2.1. Estado, cidadania e “Poder local”

2.1.1. Estado e cidadania: a procura de uma maior justiça social

A vida política e o poder giram directa ou indirectamente em torno do Estado4. Uma das discussões centrais em torno do Estado democrático é o cumprimento da sua função social em particular a responsabilidade de apoiar os grupos sociais mais desfavorecidos. O modelo político do Estado-Providência pretendia cumprir este objectivo. Em resumo, este modelo de Estado visava fomentar a solidariedade colectiva (em especial para os indivíduos/grupos mais desfavorecidos) através do fornecimento de serviços sociais básicos: saúde, segurança social, educação e habitação (Giddens, 1997).

Portas (1988) descreve as competências atribuídas ao poder local considerando duas grandes esferas da função do Estado moderno ou Estado- Providência: as que se dirigem à “reprodução” e as que se dirigem à “produção”. O primeiro bloco de competências, atribuídas aos municípios, terá correspondido à transferência de segmentos menos significativos para a política central da esfera da “reprodução social”.

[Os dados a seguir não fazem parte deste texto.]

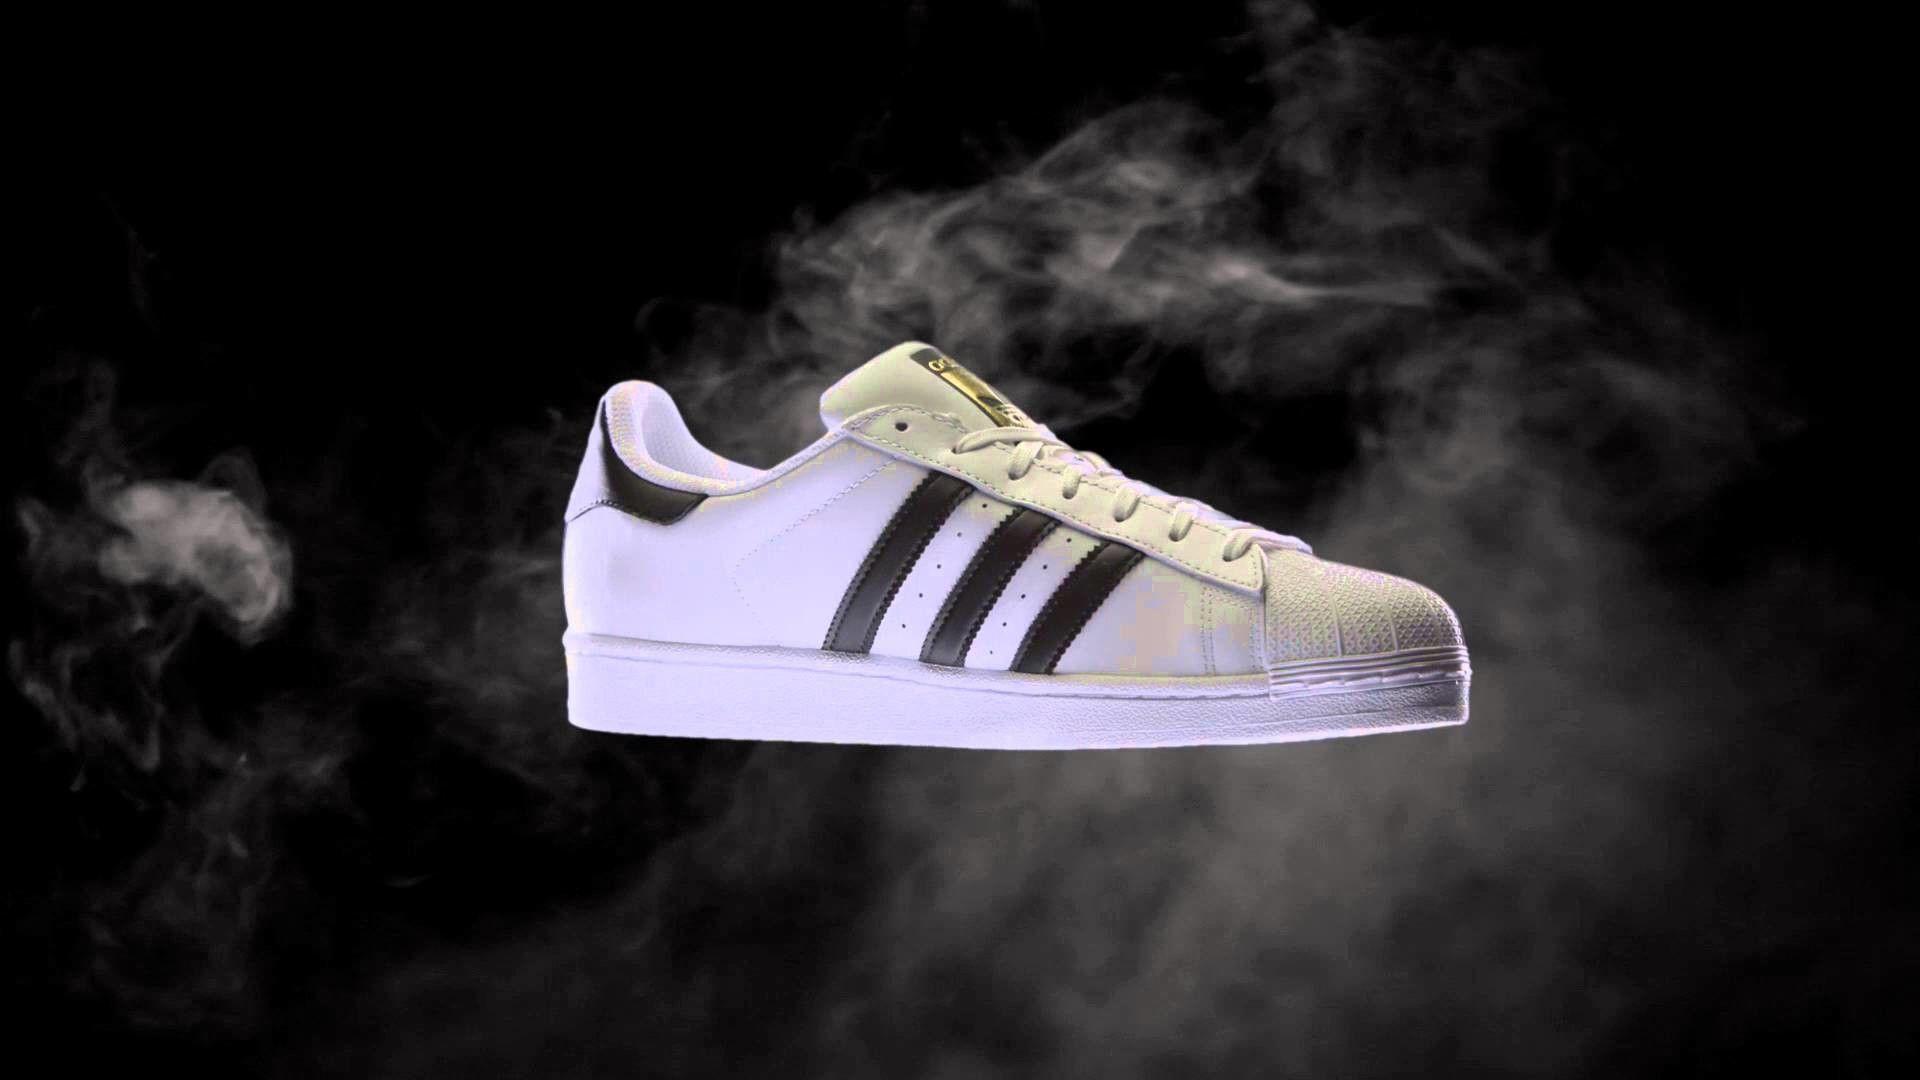 Adidas Superstar Wallpapers Top Free Adidas Superstar
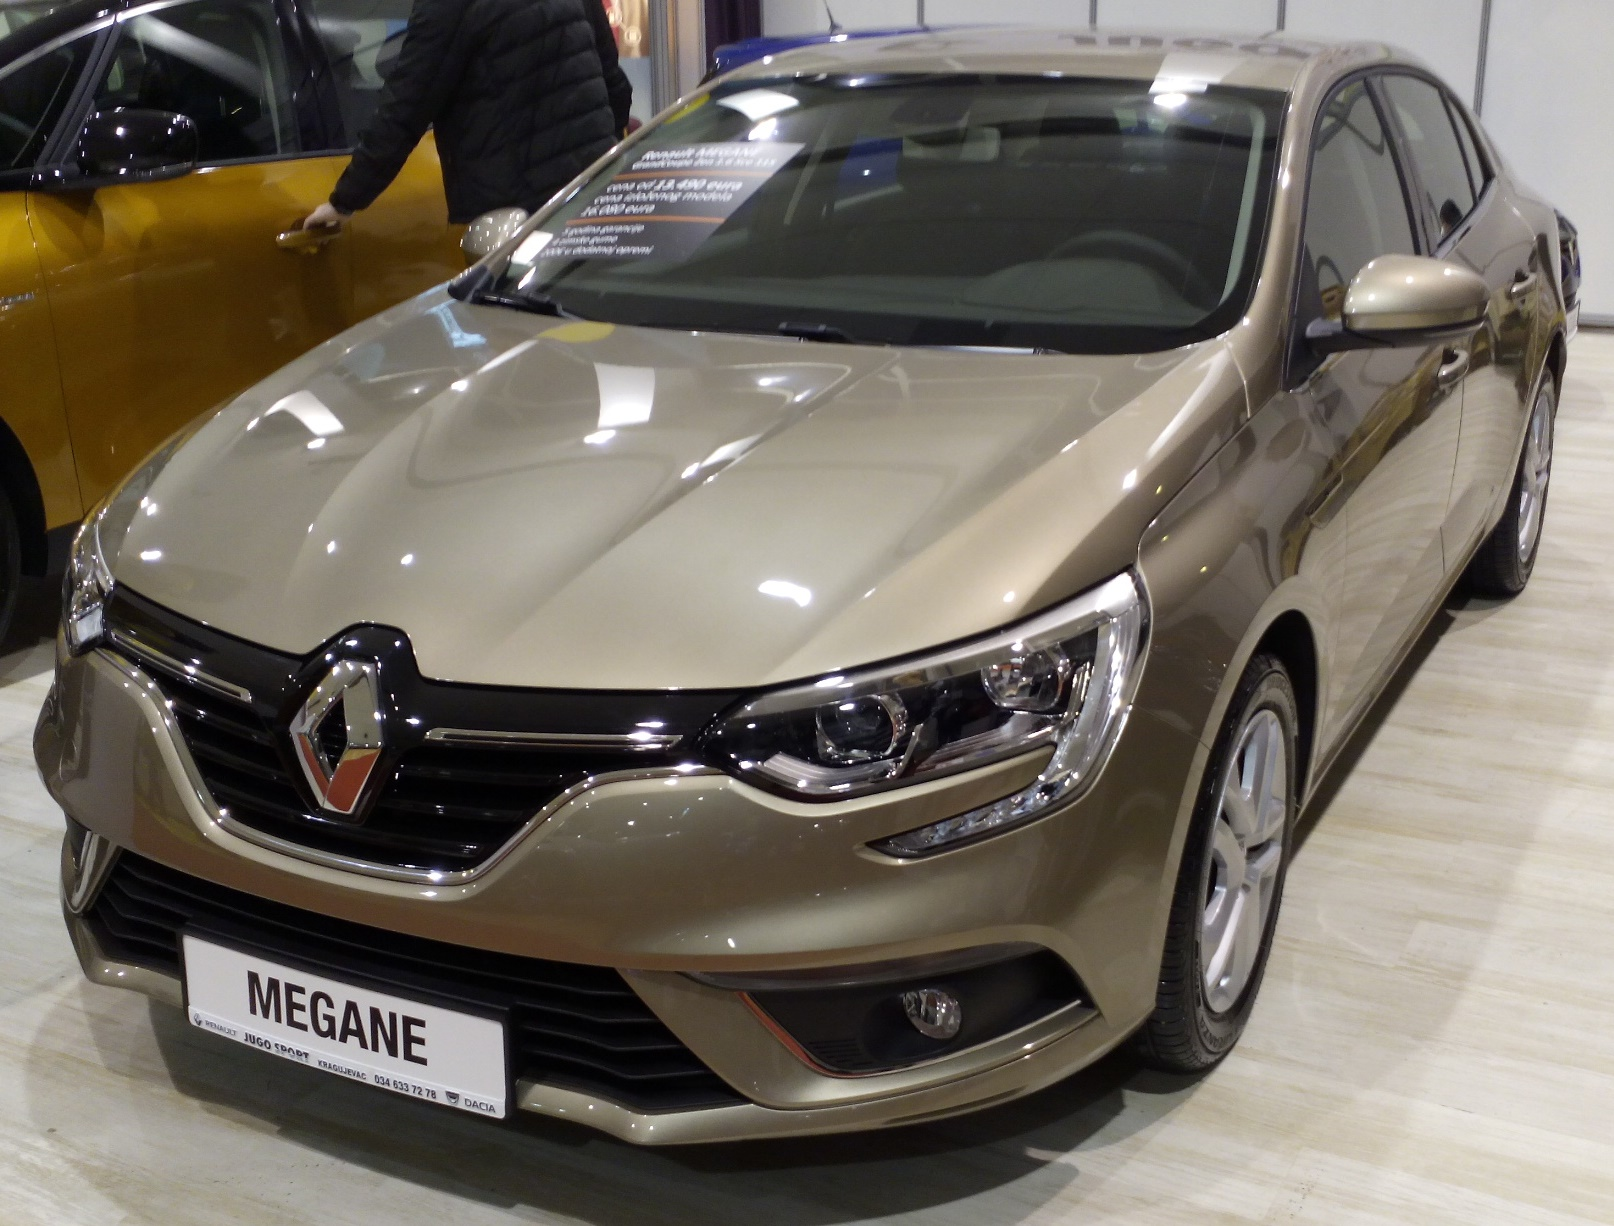 File:2018 Renault Megane Grandcoupe 1 6 SCe 115 Zen jpg

É o caso dos equipamentos – nas áreas da educação, da saúde, da cultura e desporto, da valorização do património e da habitação. É o caso da gestão do espaço público e privado; da política dos solos; das redes de saneamento e circulação; da segurança dos cidadãos. Na esfera da “produção” a função estatal de fomento da actividade económica que pode caber aos municípios não deriva de atribuições formais nem tem correspondência com os recursos transferidos, podendo considerar- se muito indirecta.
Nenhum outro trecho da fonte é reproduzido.